Capital ownership should be more broadly distributed. And while there need to be sensible regulations in place to prevent fraud, the notion that somehow people with less than a certain threshold of net worth can’t make intelligent investment decisions in the private markets is absurd. Robinhood restricting the trading of these stocks is just a continuation of old thinking. They’re a capitalist platform. They should believe in the capital markets and that, even if there are short term aberrations, ultimately the markets will figure it out. The fact that their actions helped stem a short squeeze that was hurting larger Wall Street traders and hedge funds exacerbates the perceptions that they’re not truly democratizing capital in the way that they have suggested that they are. Fred Wilson wrote a similar post earlier this week that I strongly agree with and would highly recommend reading as well.
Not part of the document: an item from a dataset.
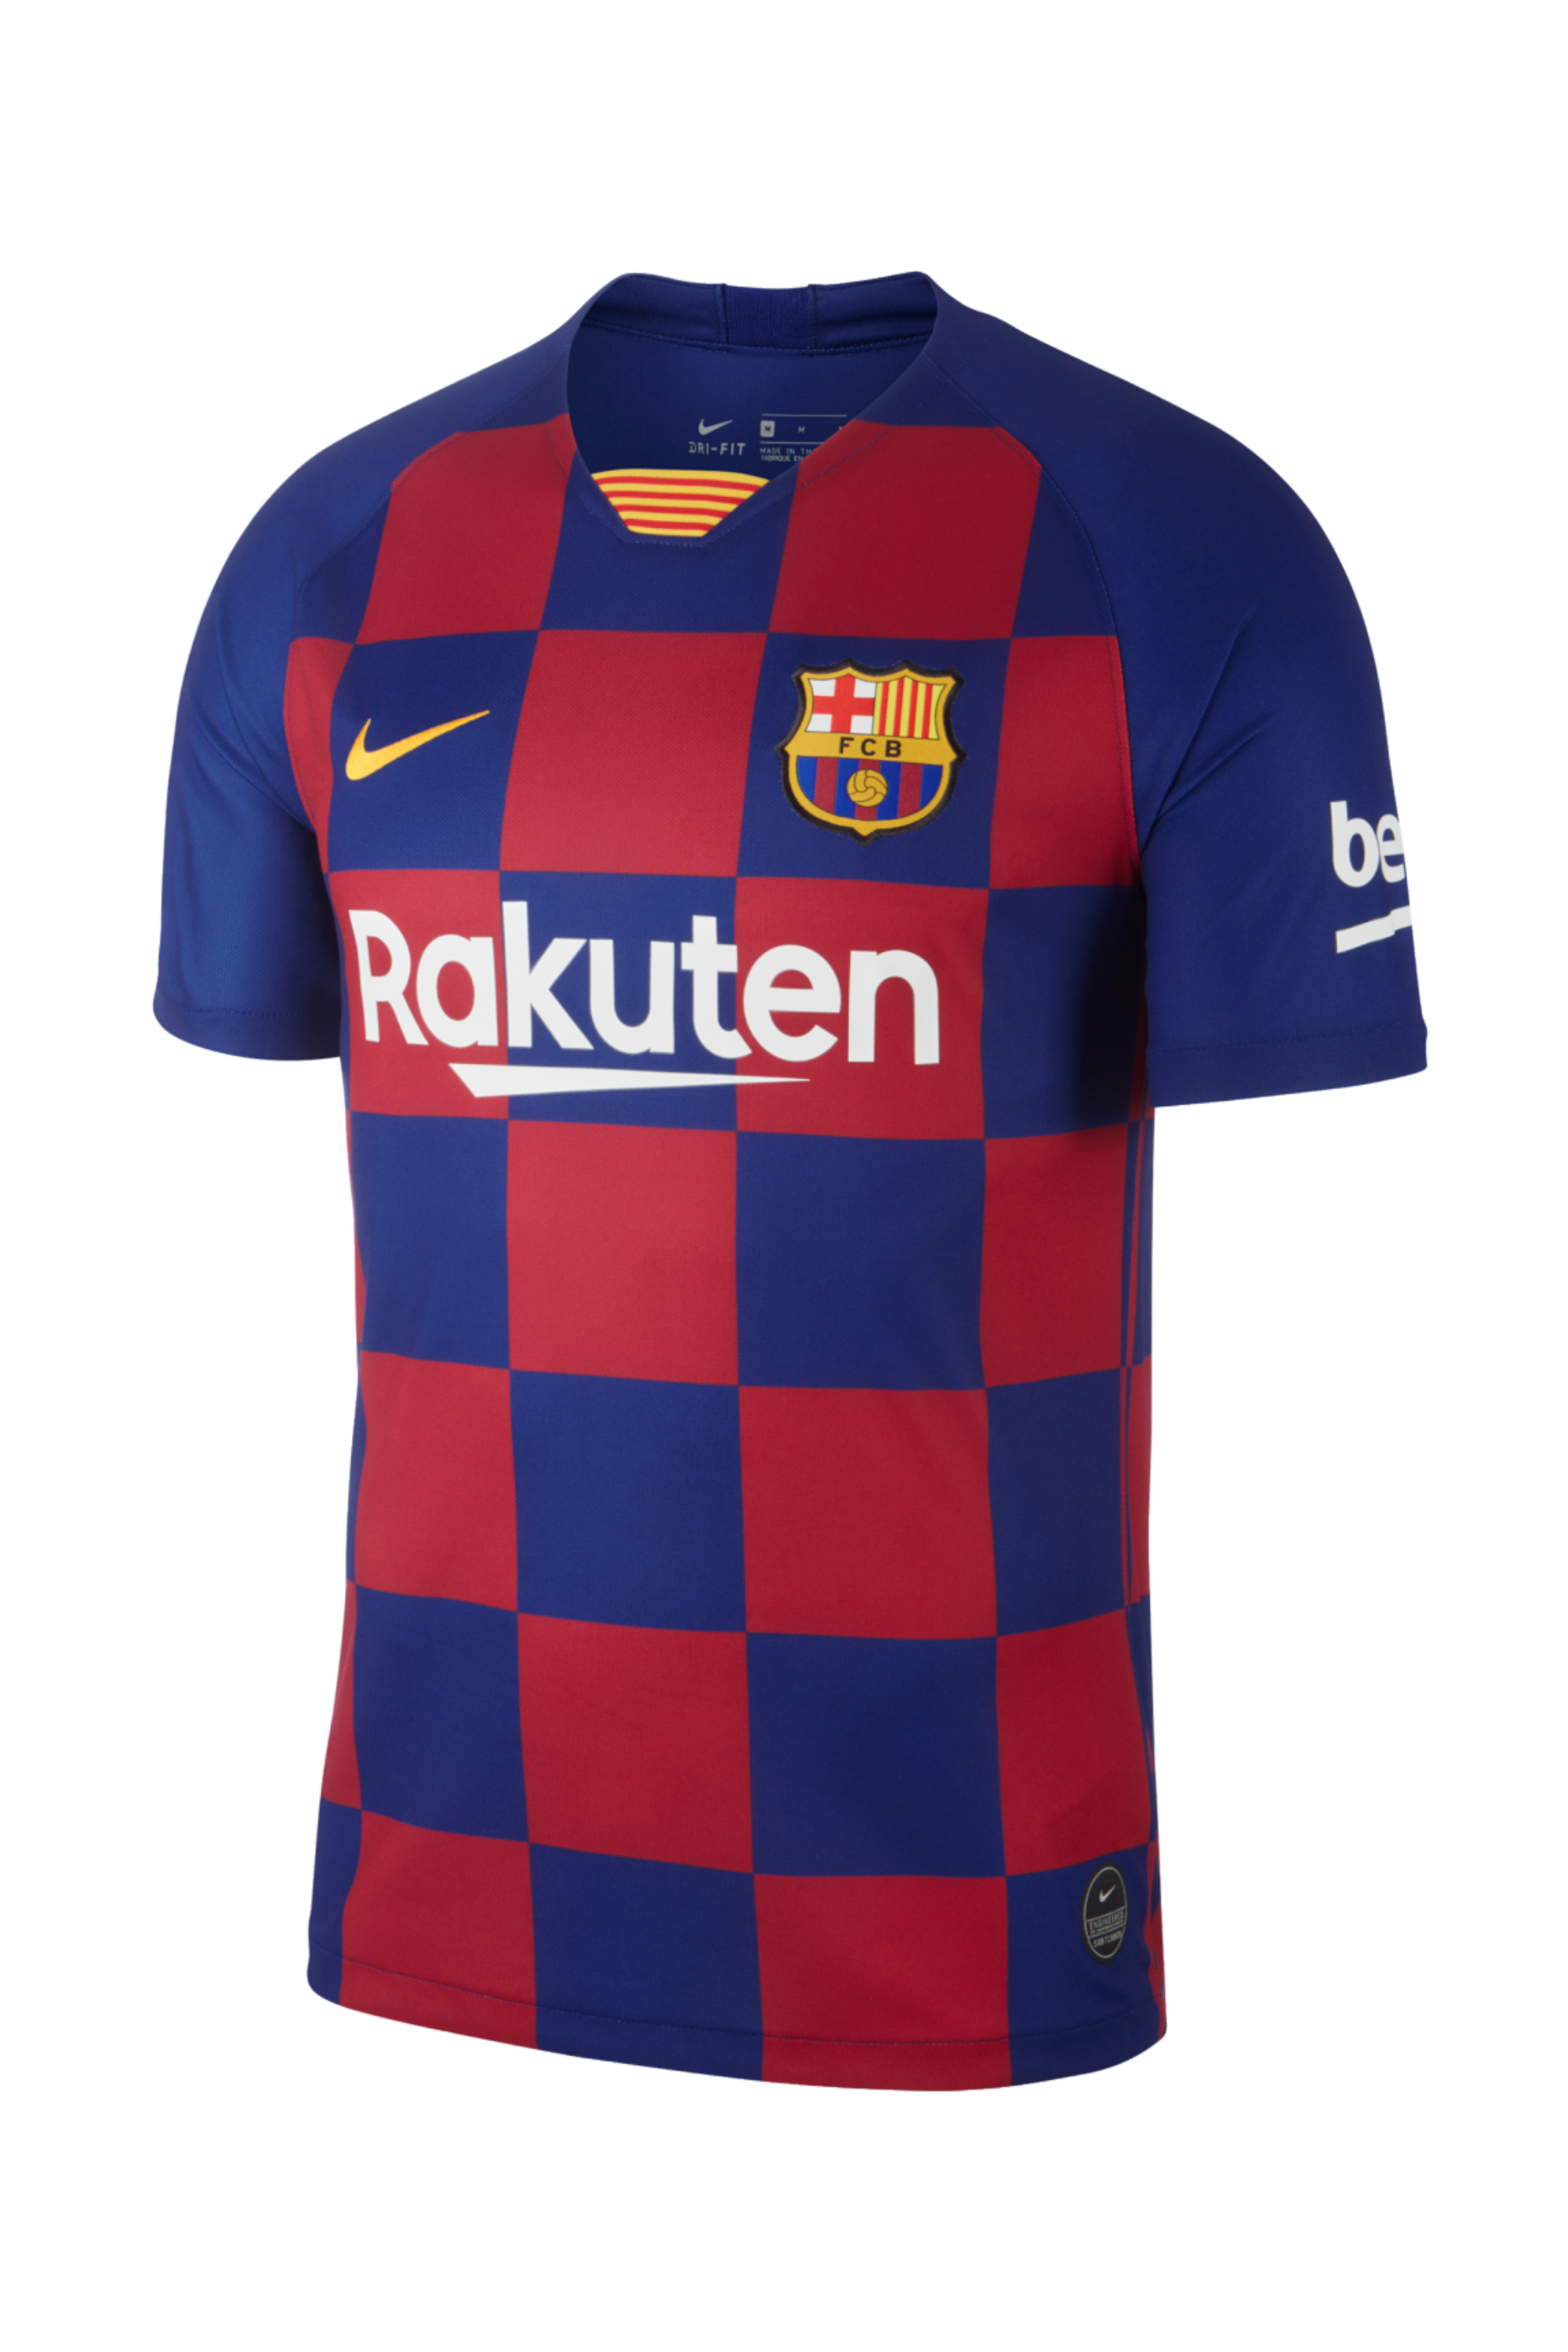 barcelona stadium jersey

The solution to these sorts of aberrations in the market is to let the market play them out. In the long run, efficient markets will do exactly that (find the efficient price) and the long-term value of the stock will eventually trend back to its underlying and intrinsic value.
* It’s worth noting that while Robinhood claimed they stopped trading to “protect customers” the true reason was perhaps a bit more complicated. After admitting that there were some “regulatory issues” that prompted the trading halt, the company eventually revealed that the company itself lacked the liquidity (capital) required to allow trading to continue at the levels it was seeing. It subsequently put together a hasty $1bn financing.